Regarding his Konzertmusik for Strings and Brass, op.50, Steven Ledbetter writes:

_The vitality of this Konzertmusik lies in its brilliant scoring and inventive use of rhythm and counterpoint. The brass section is divided into three quartets (one of trumpets, one of horns, and the third of three trombones and tuba), while the strings are laid out in four sections rather than the usual five, with all the violins grouped together, not divided into firsts and seconds. This happens to give prominence to Hindemith's beloved violas, but it also concentrates the weight of the string body (which he asks to be as large as possible) in balance with the brass. The first movement is in two parts: an opening section that combines busy, jumping phrases with a solid melodic statement, and a broader passage that features a strong unison melody in strings punctuated by irregular brass chords. The second movement opens arrestingly with three crisp chords that launch a busy fugue with a theme in the strings; the brass stamp out the three chords to mark each entry of a new voice. Following a slow middle section centering on an expressive chromatic melody first stated in violas, the fugue returns, more brilliant than ever._


----------



## eugeneonagain (May 14, 2017)

Counterpoint is a normal part of nearly every musician's education (and certainly those pursuing composition). It forms a part of all music written from before Beethoven to now. 

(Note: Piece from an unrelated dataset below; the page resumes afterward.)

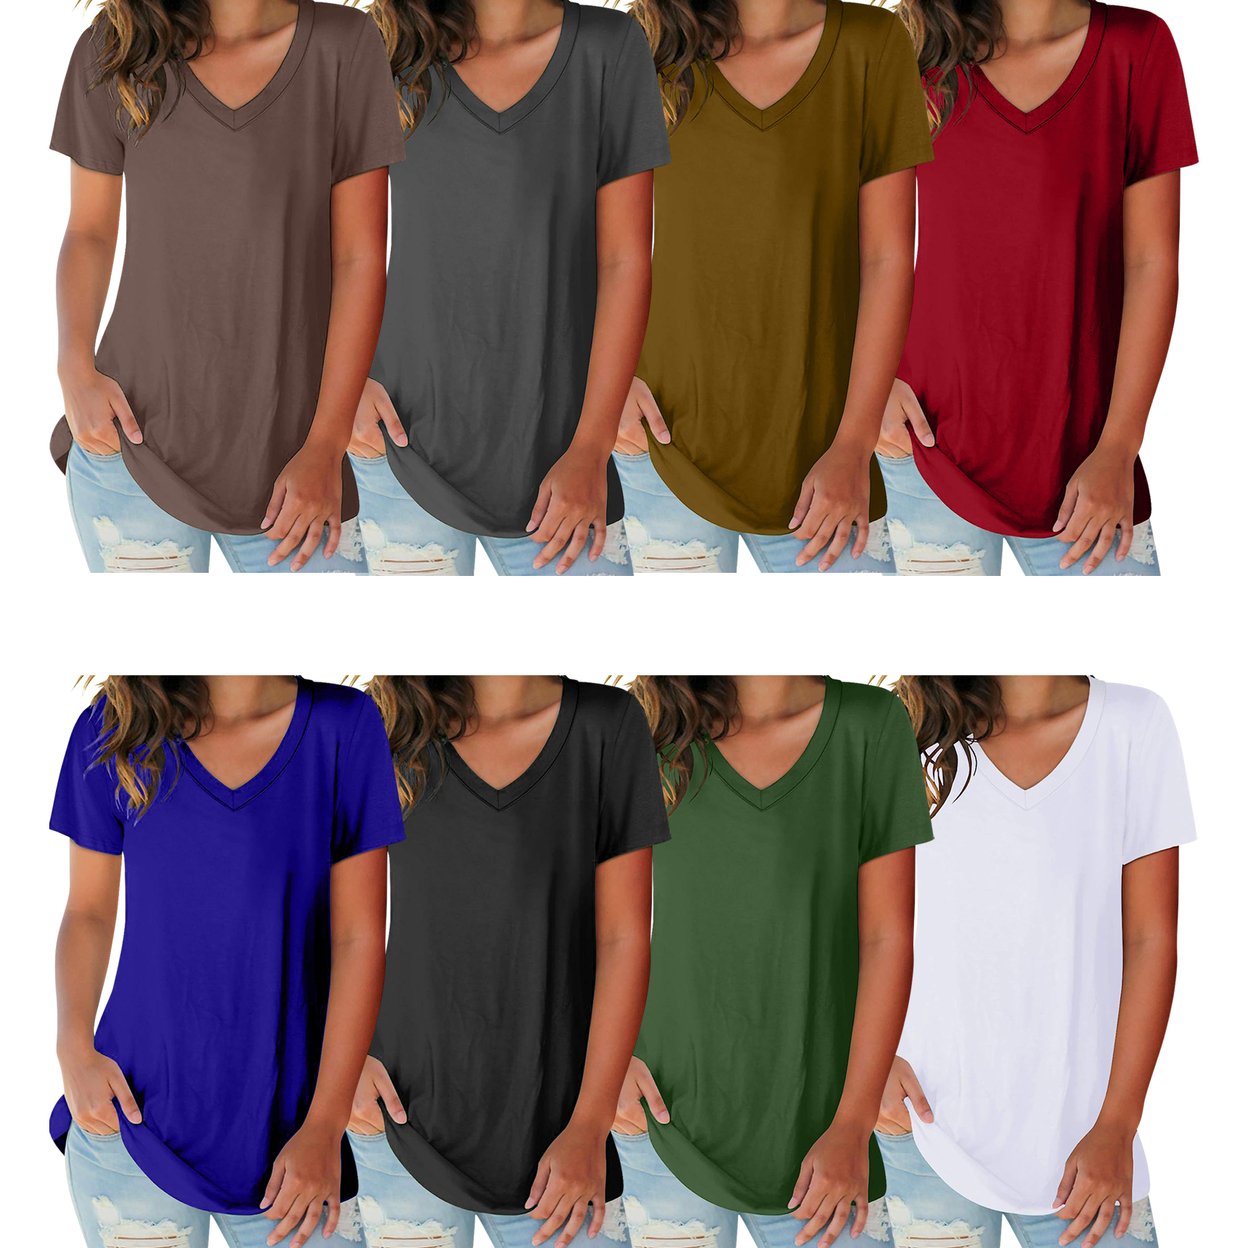 3-Pack: Women's Ultra Soft Smooth Cotton Blend Basic V-Neck Short Sleeve Shirts - Black, Navy Mustard, Small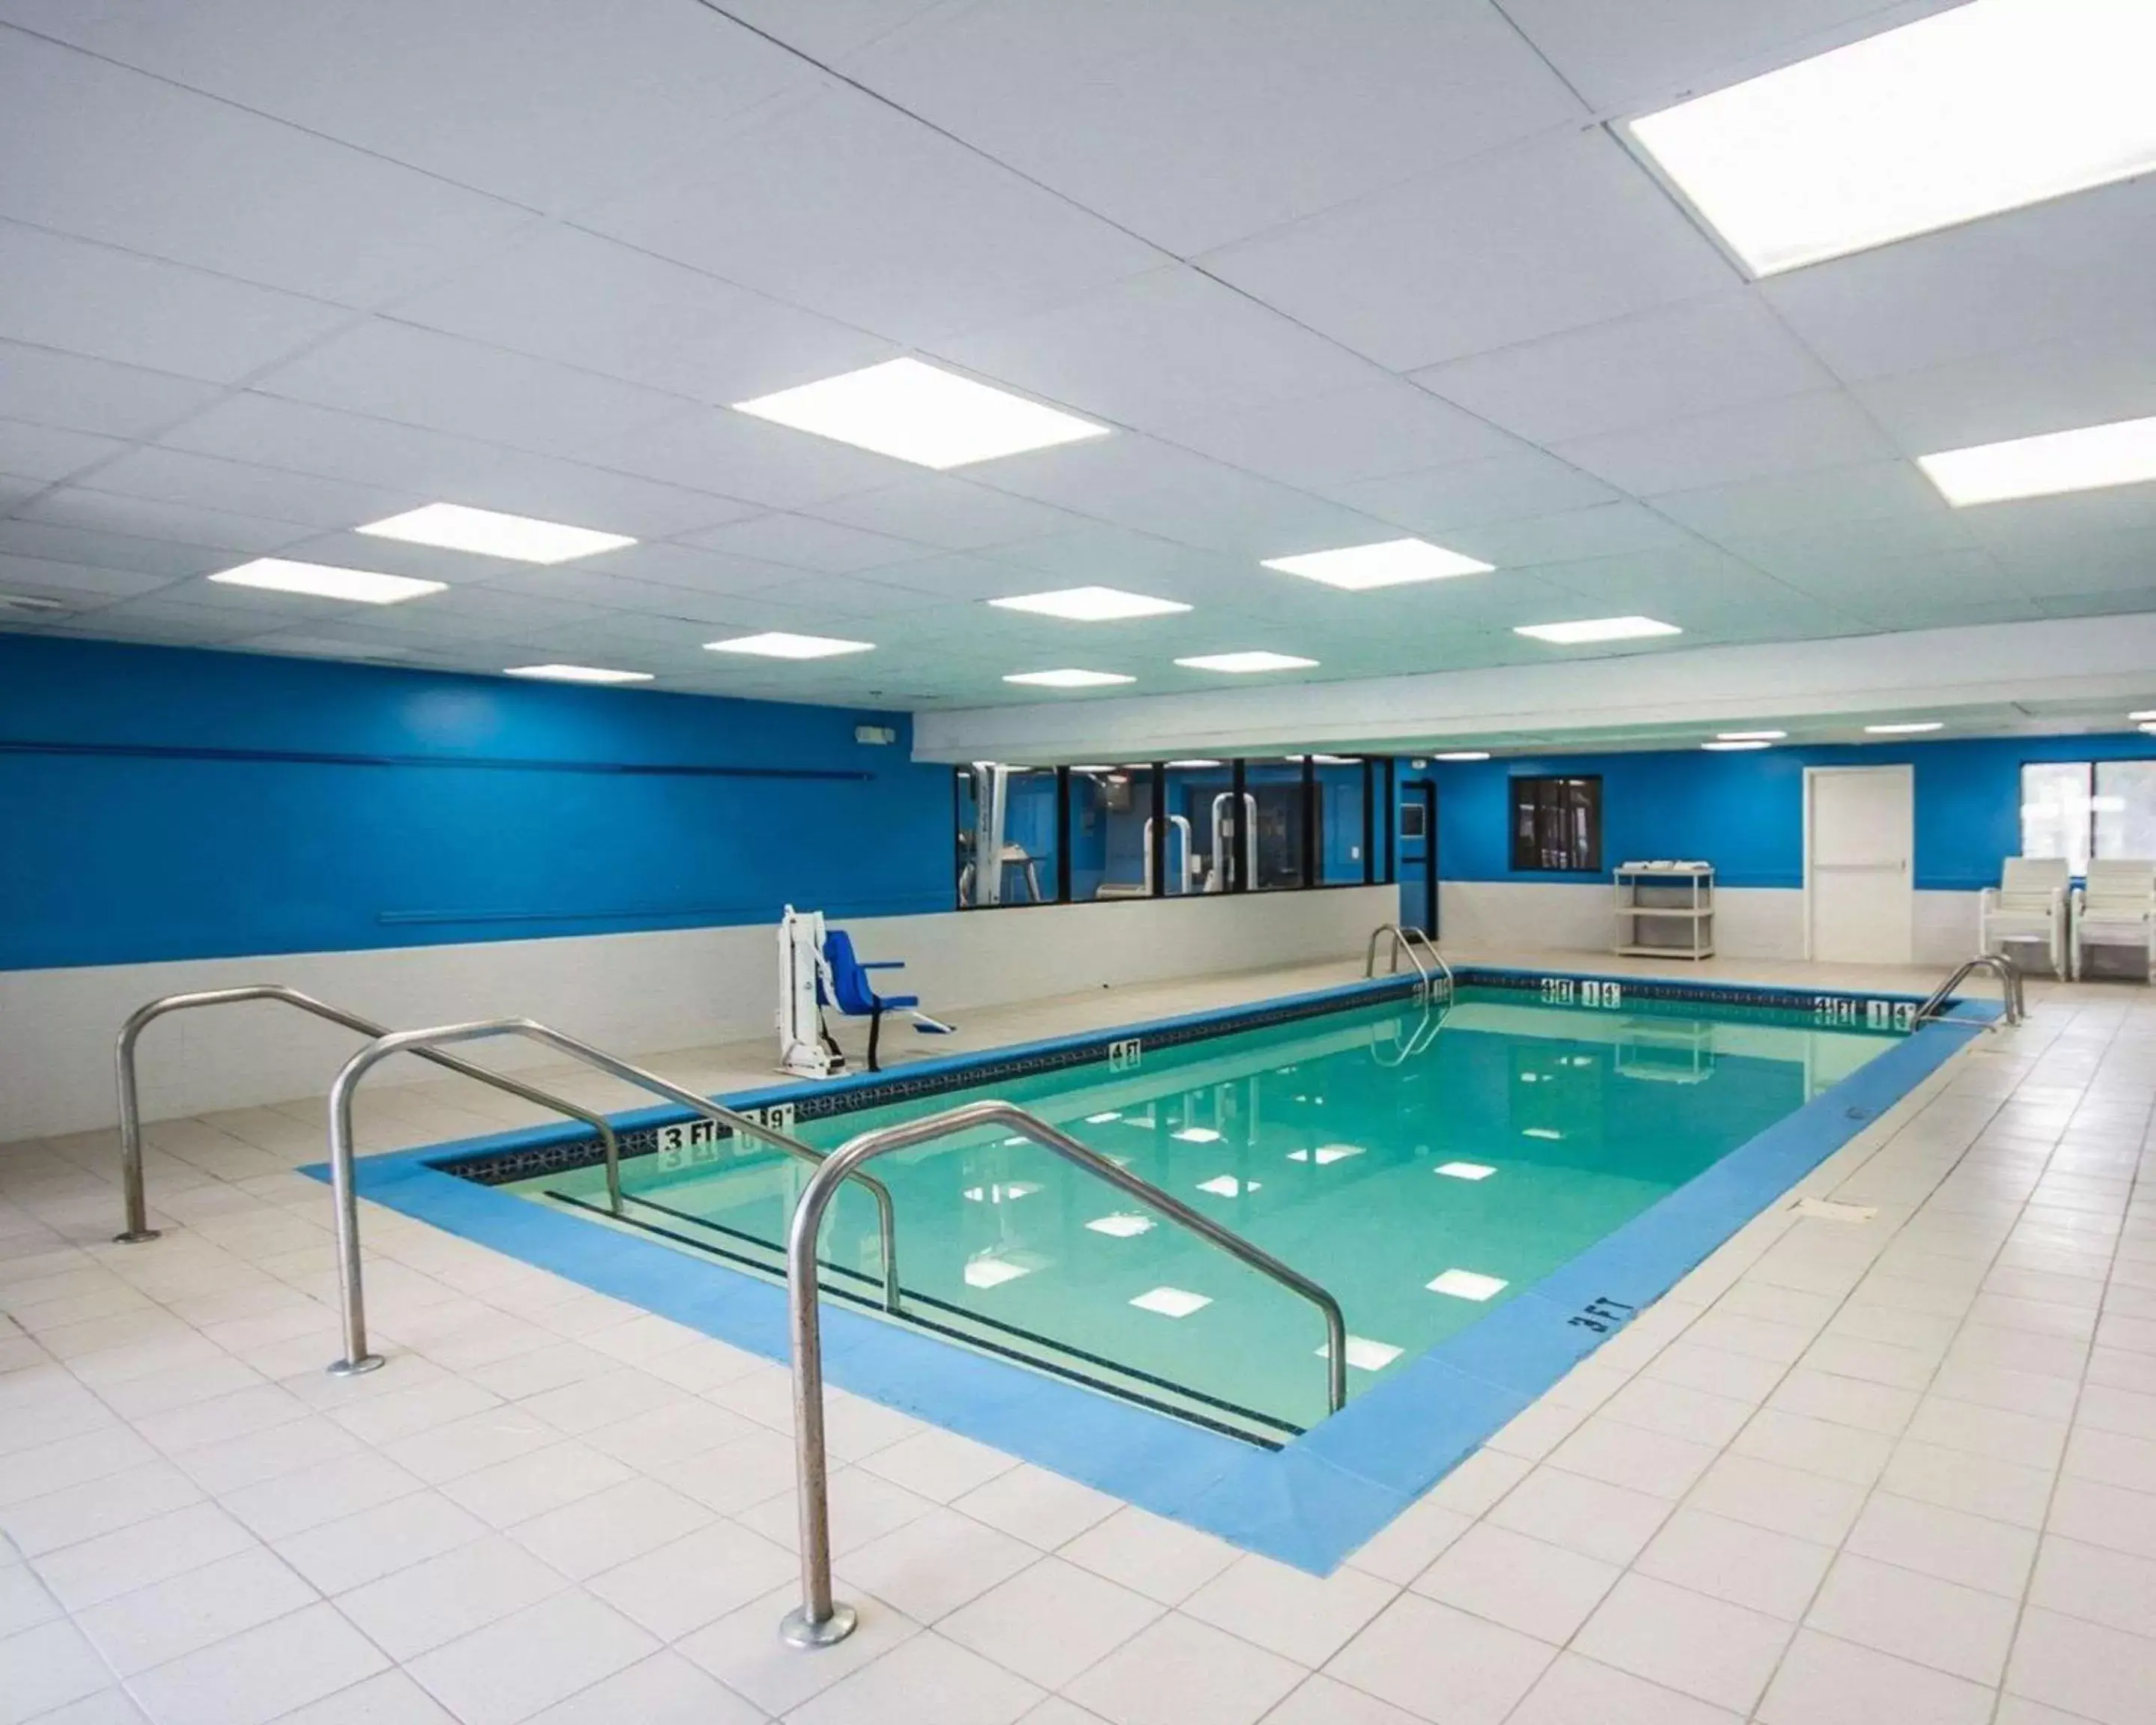 On site, Swimming Pool in Americas Best Value Inn Torrington, CT

You can see it everywhere: Mahler, Bruckner (supposedly well-known for contrapuntal writing in his symphonies), Shostakovich. Wherever there is interplay between parts carrying melodic material, you have counterpoint.

There's nothing unusual about this.


----------



## Mandryka (Feb 22, 2013)

Listening today to Brahms op 118 and op 119 played by Andrea Bonatta, I was struck by the polyphony in the music, this is something I hadn't really appreciated before. I like what I hear of Bonatta's Brahms by the way, which is emotionally restrained. He makes a distinctive sound come out of his piano, a sound which seems to suit her approach.


----------



## KenOC (Mar 7, 2011)

Has anybody mentioned the German Requiem? Plenty of good old north German counterpoint there.


----------